• **Required work**: What you produce should be an exact transcription of the data, minus any pictures.

• **Dataset extract**:
□ □ □
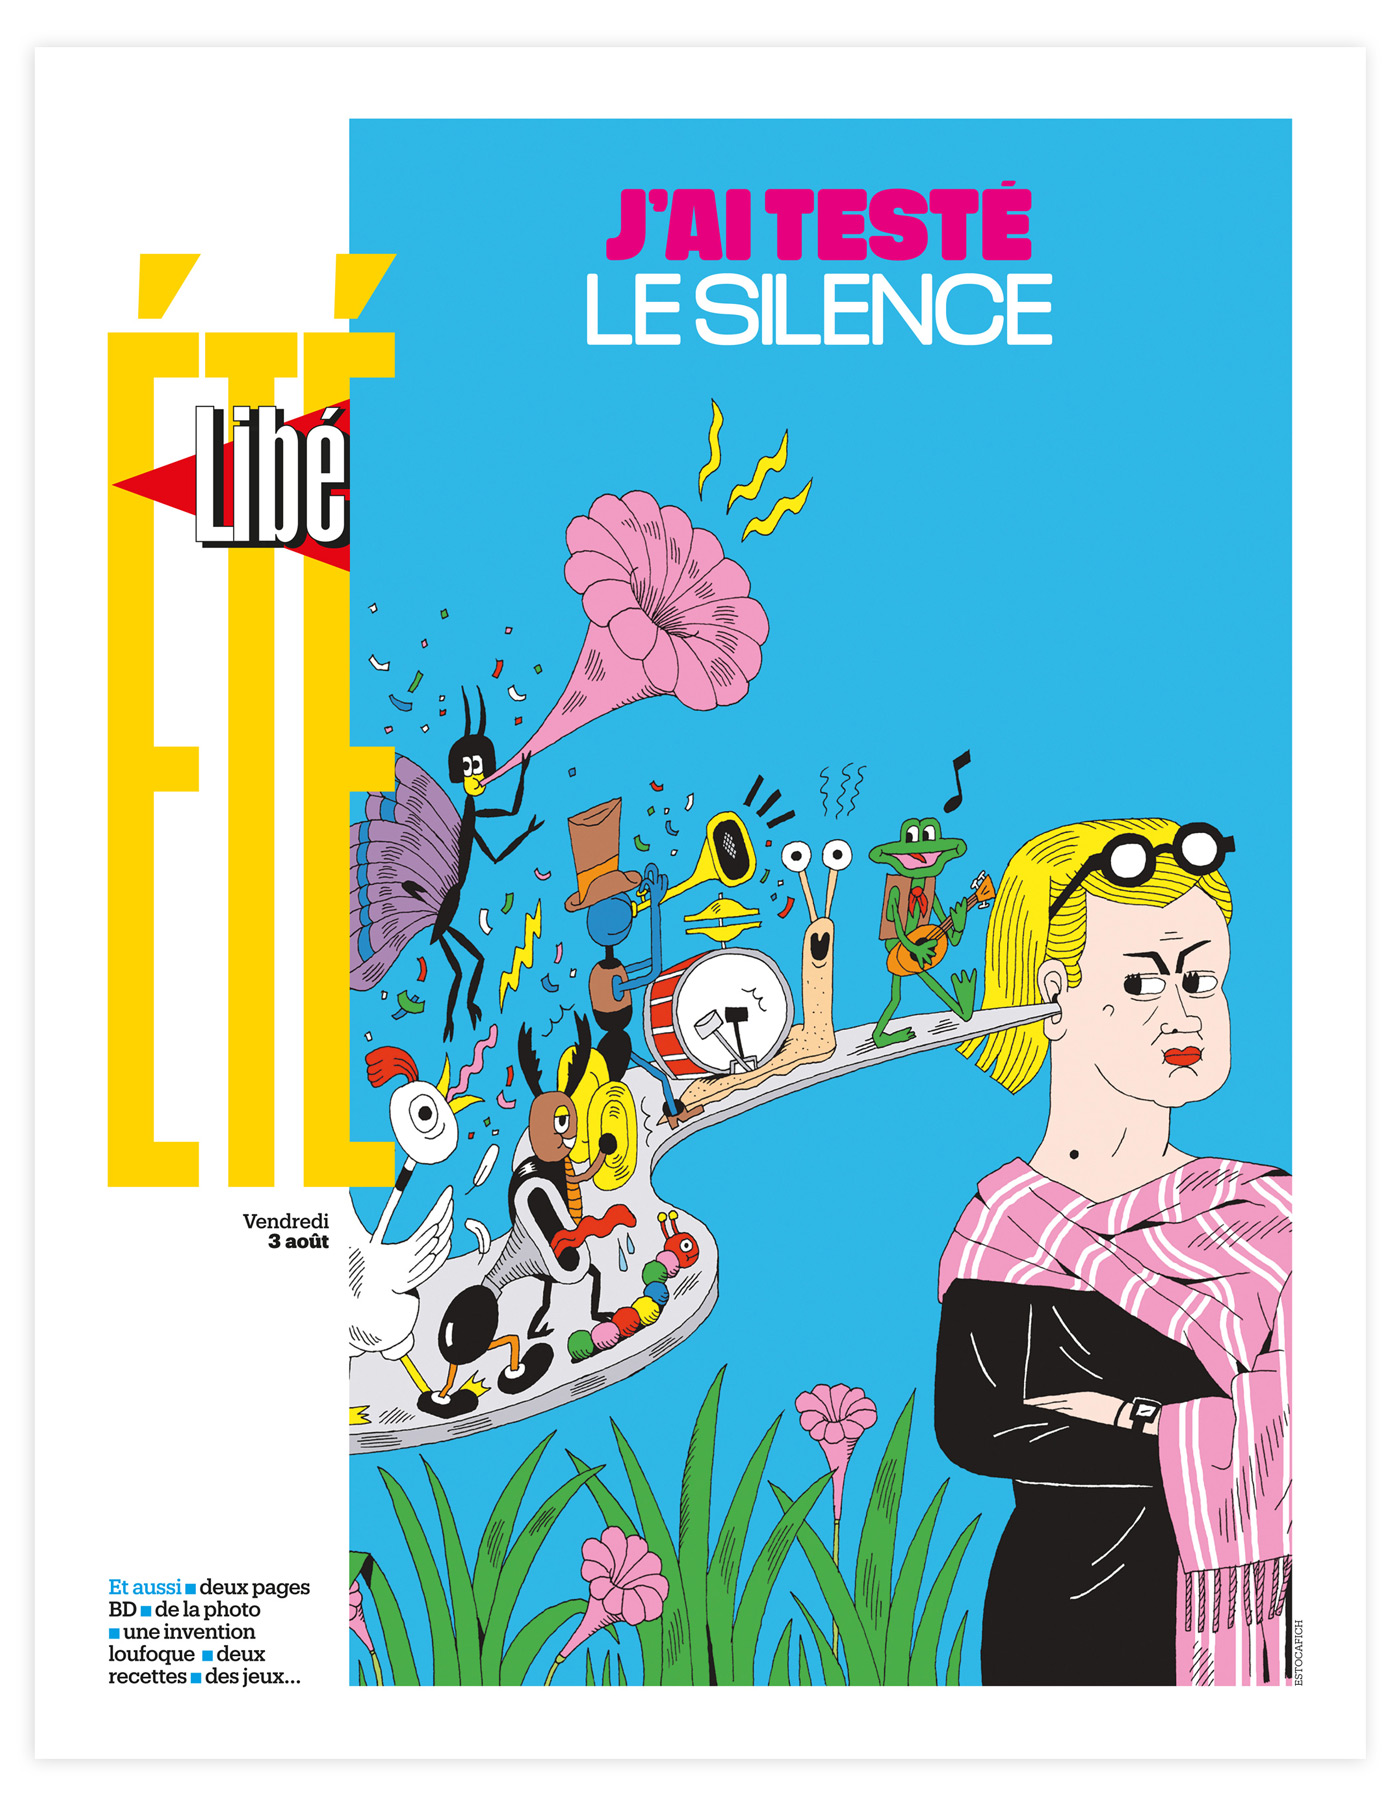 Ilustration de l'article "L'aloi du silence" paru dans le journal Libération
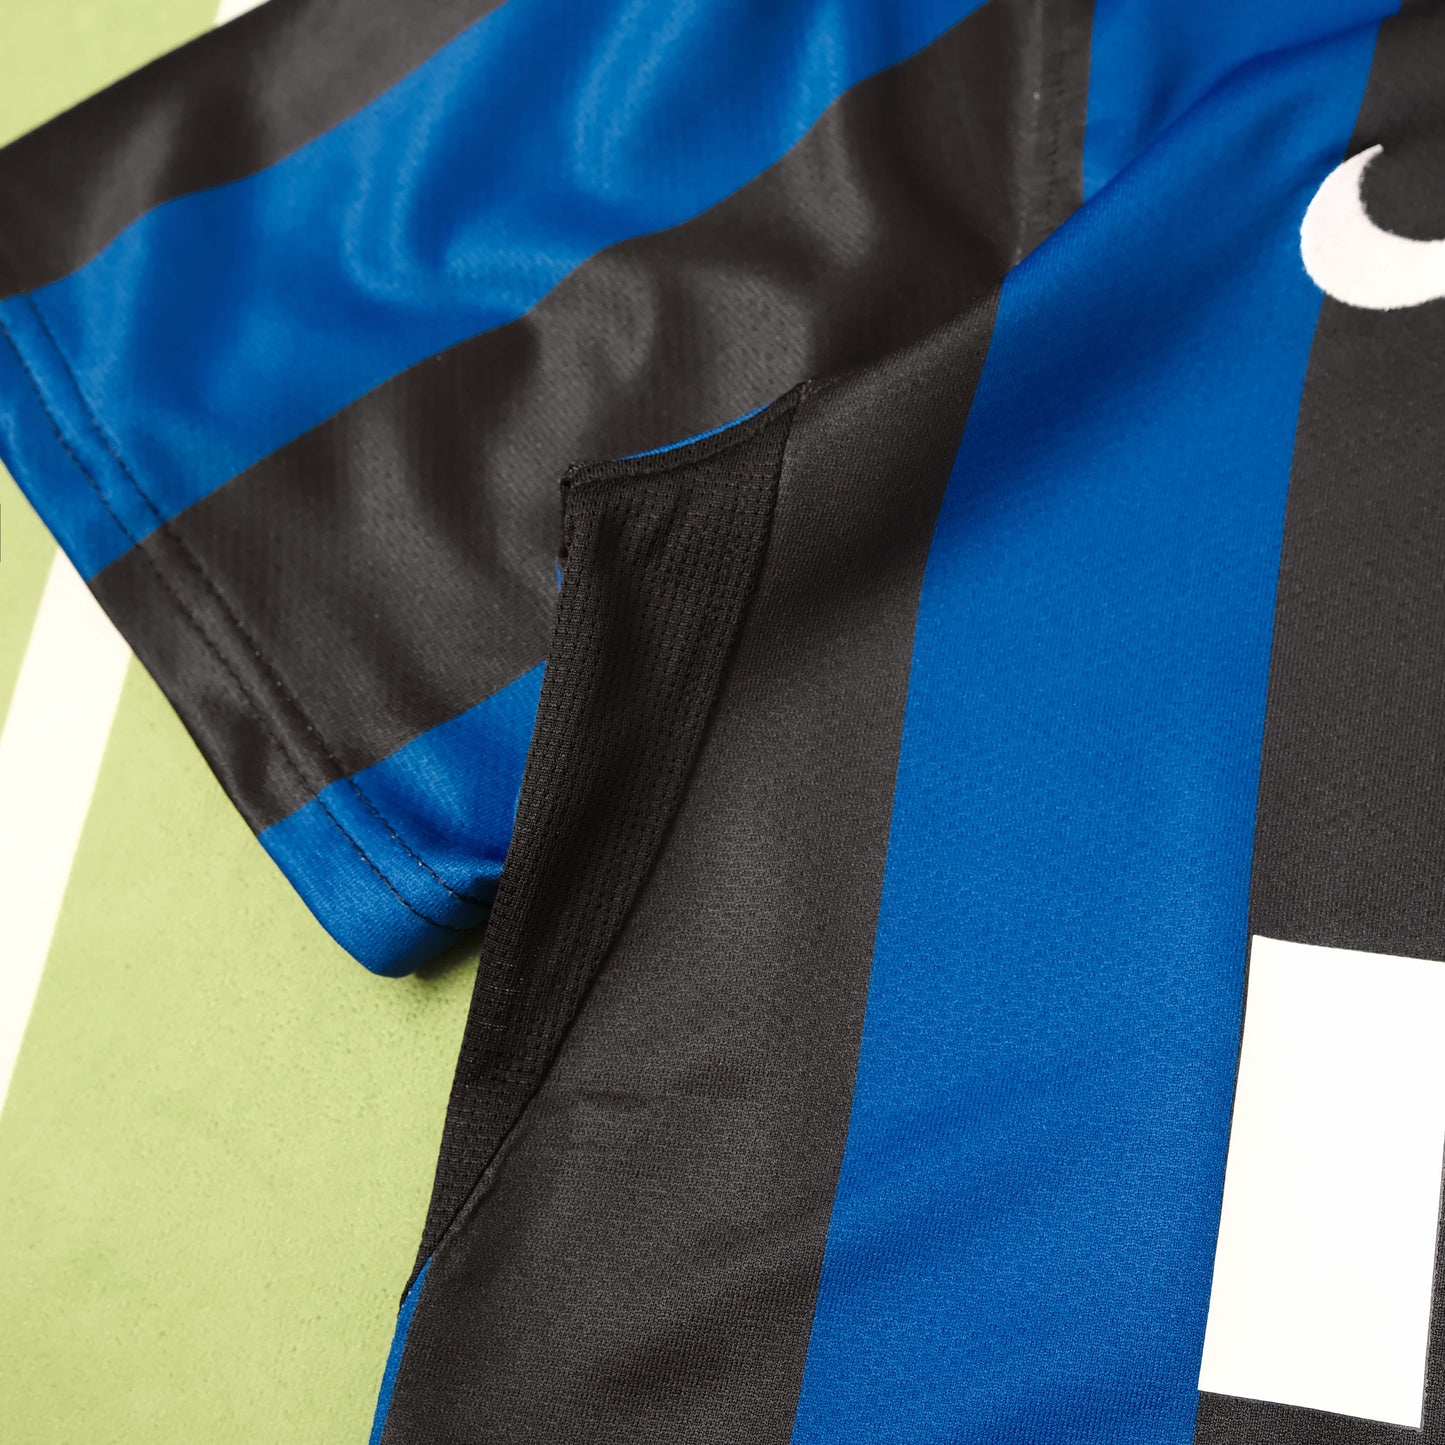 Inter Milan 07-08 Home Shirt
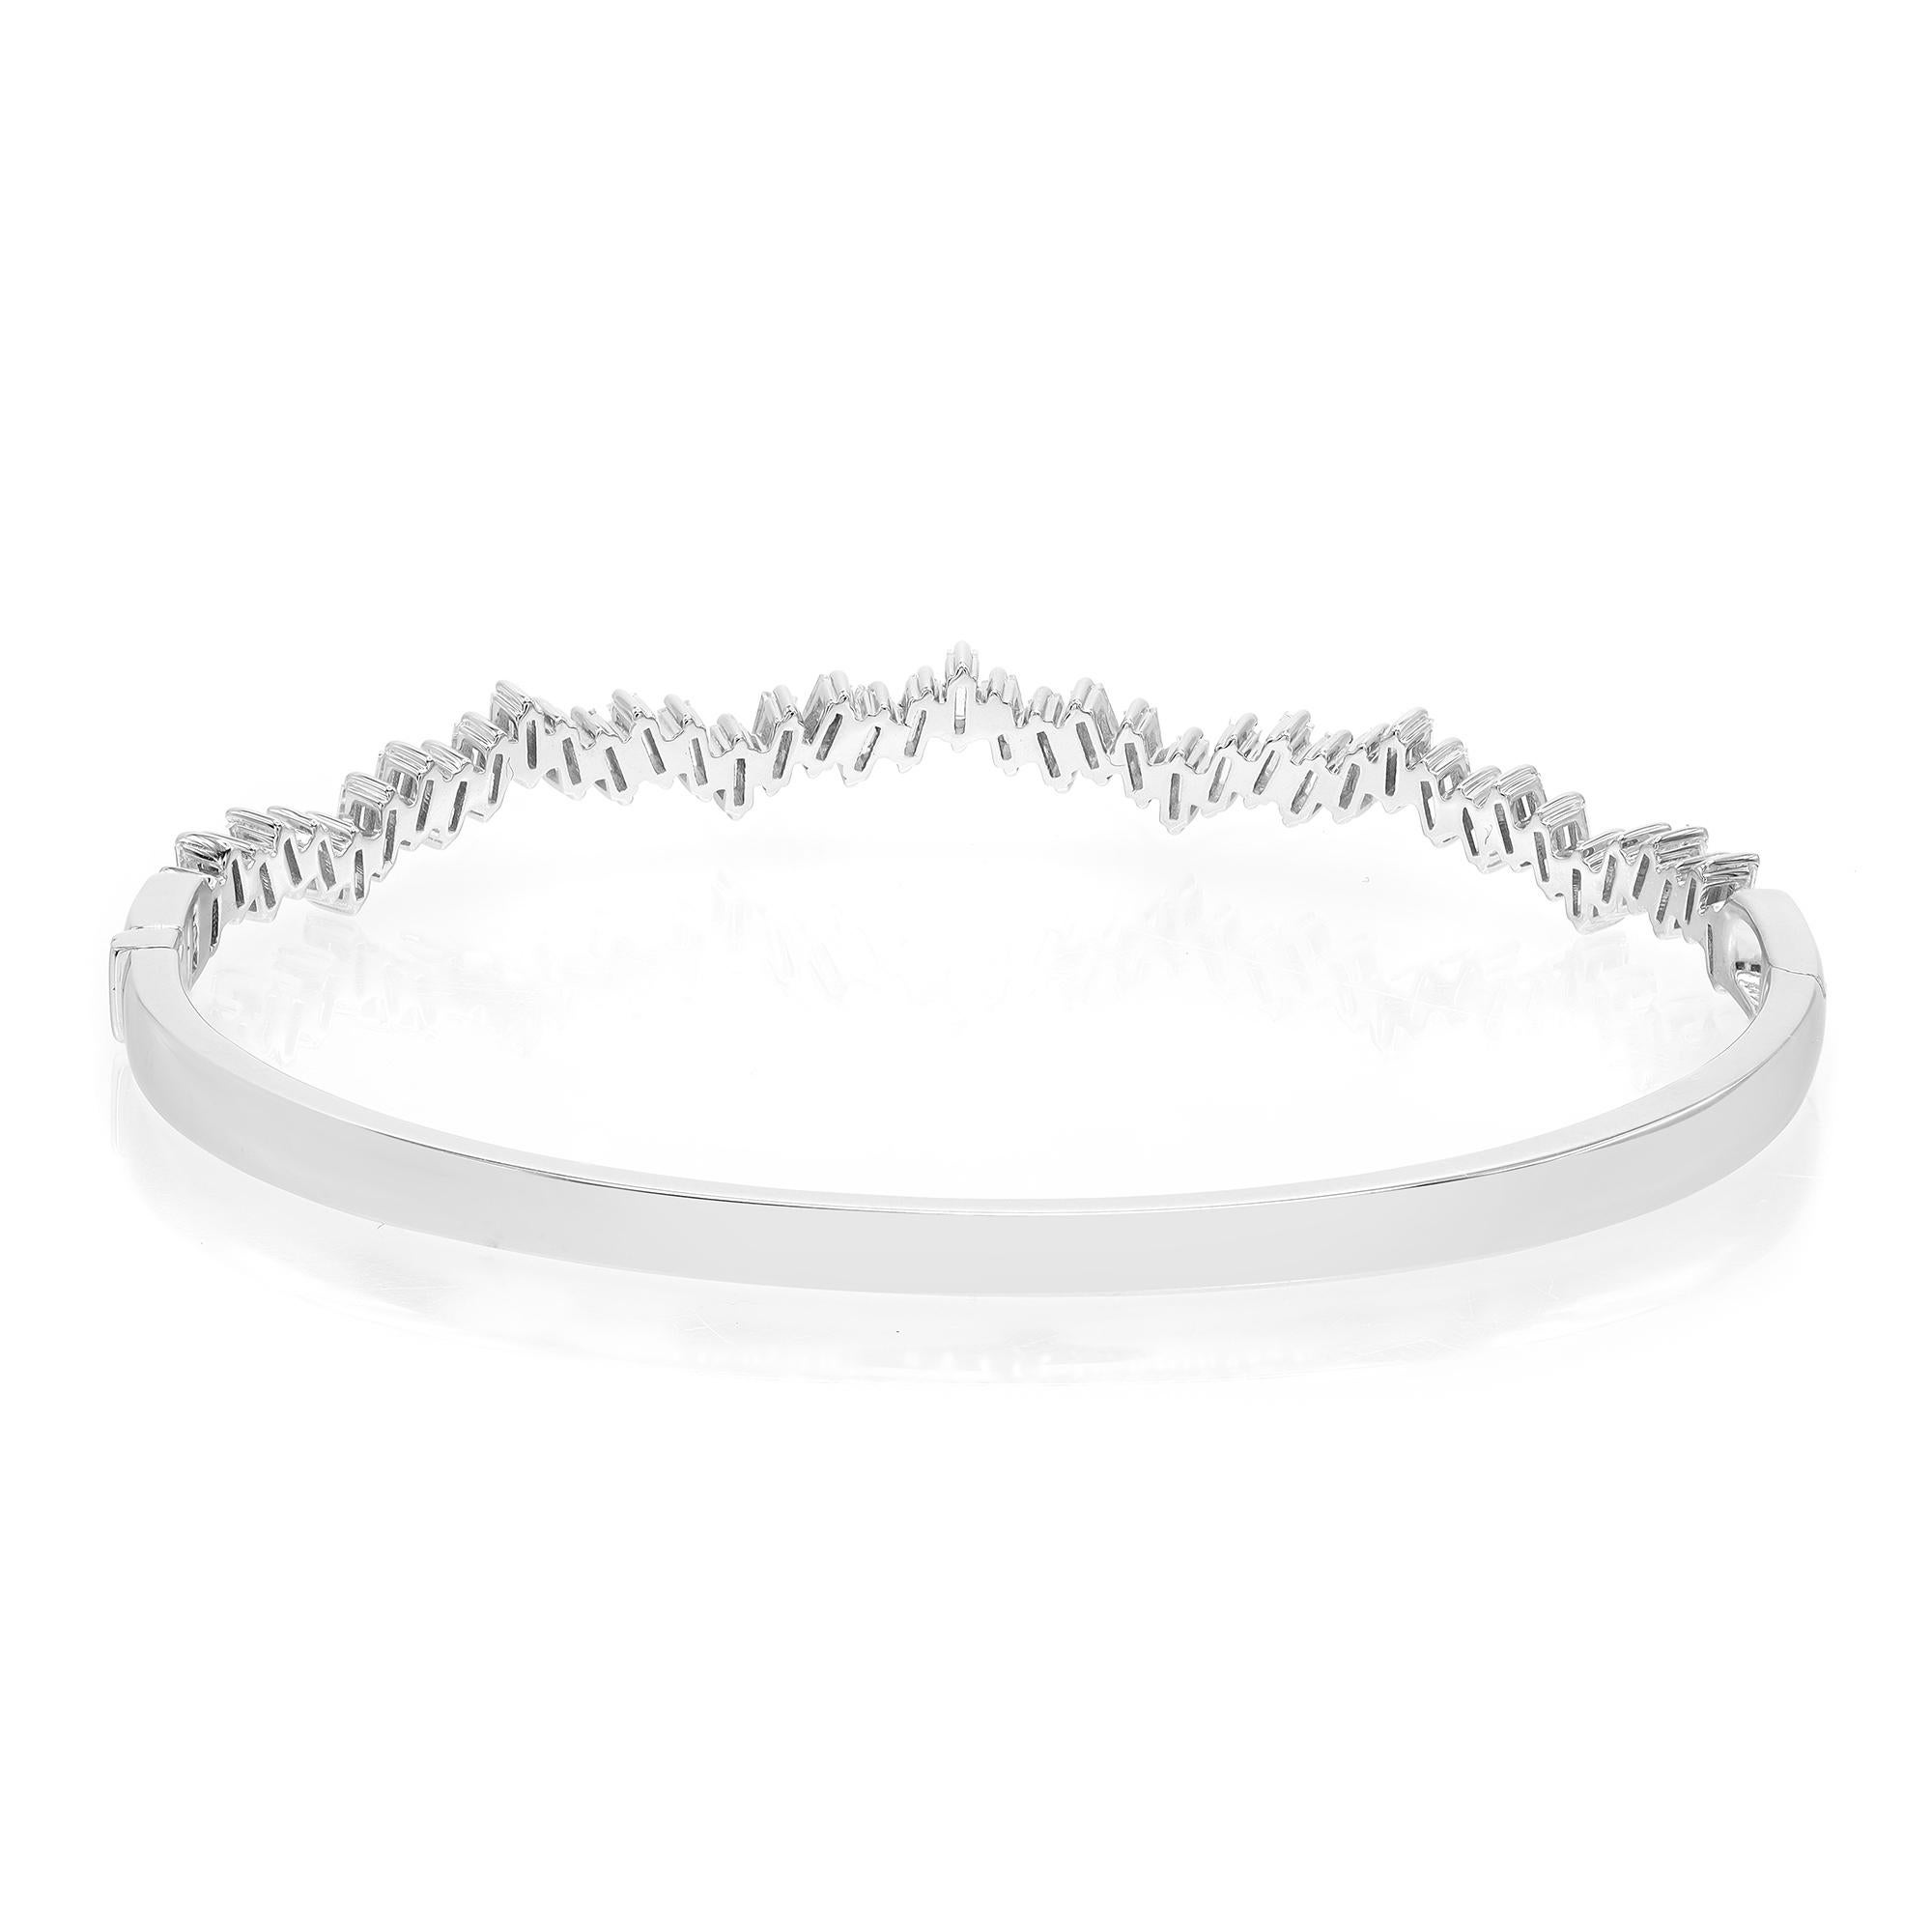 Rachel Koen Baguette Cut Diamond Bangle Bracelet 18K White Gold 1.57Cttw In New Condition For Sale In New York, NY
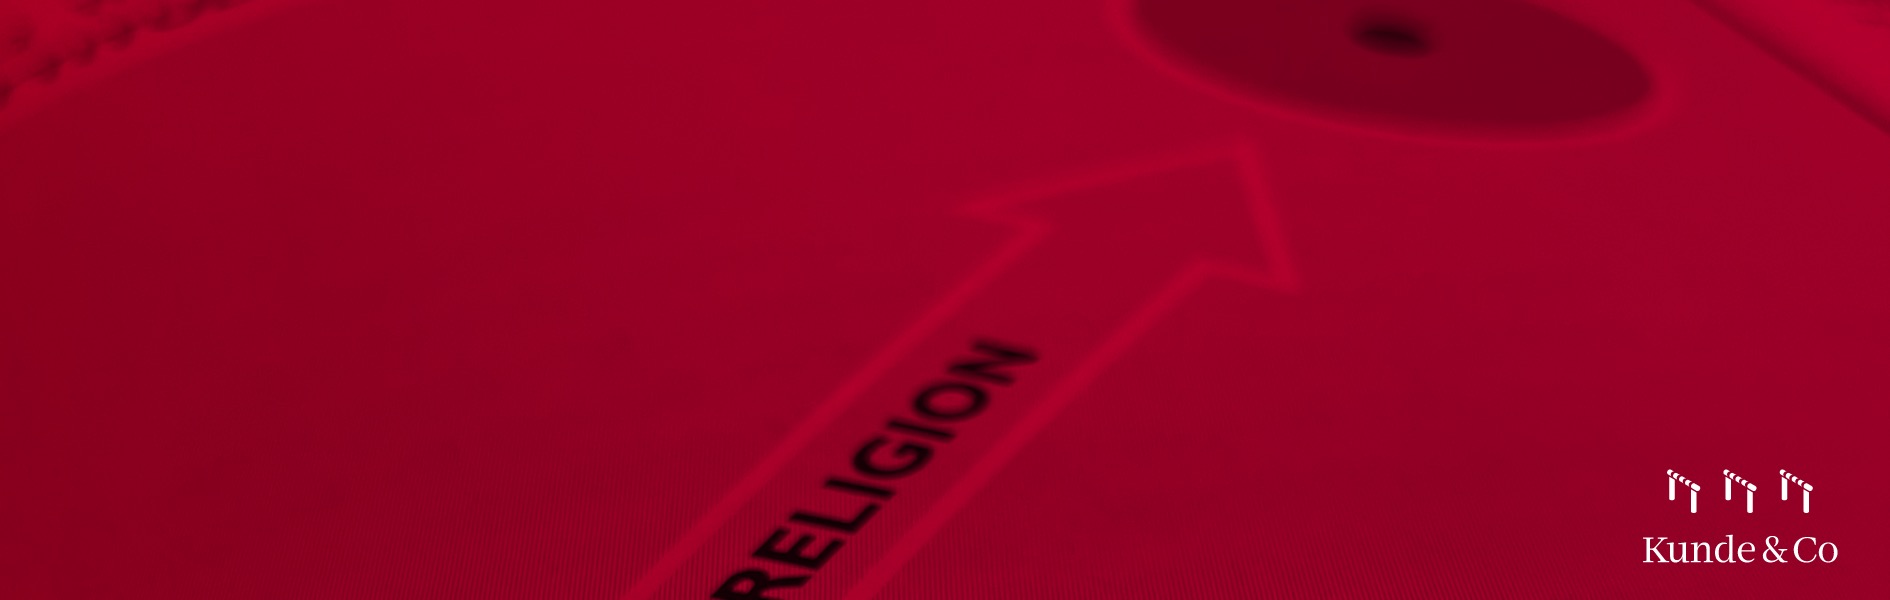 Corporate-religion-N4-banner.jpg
□ □ □
• **The completed task**:
 Ilustration de l'article "L'aloi du silence" paru dans le journal Libération
 Inter Milan 07-08 Home Shirt
 Rachel Koen Baguette Cut Diamond Bangle Bracelet 18K White Gold 1.57Cttw In New Condition For Sale In New York, NY
 Corporate-religion-N4-banner.jpg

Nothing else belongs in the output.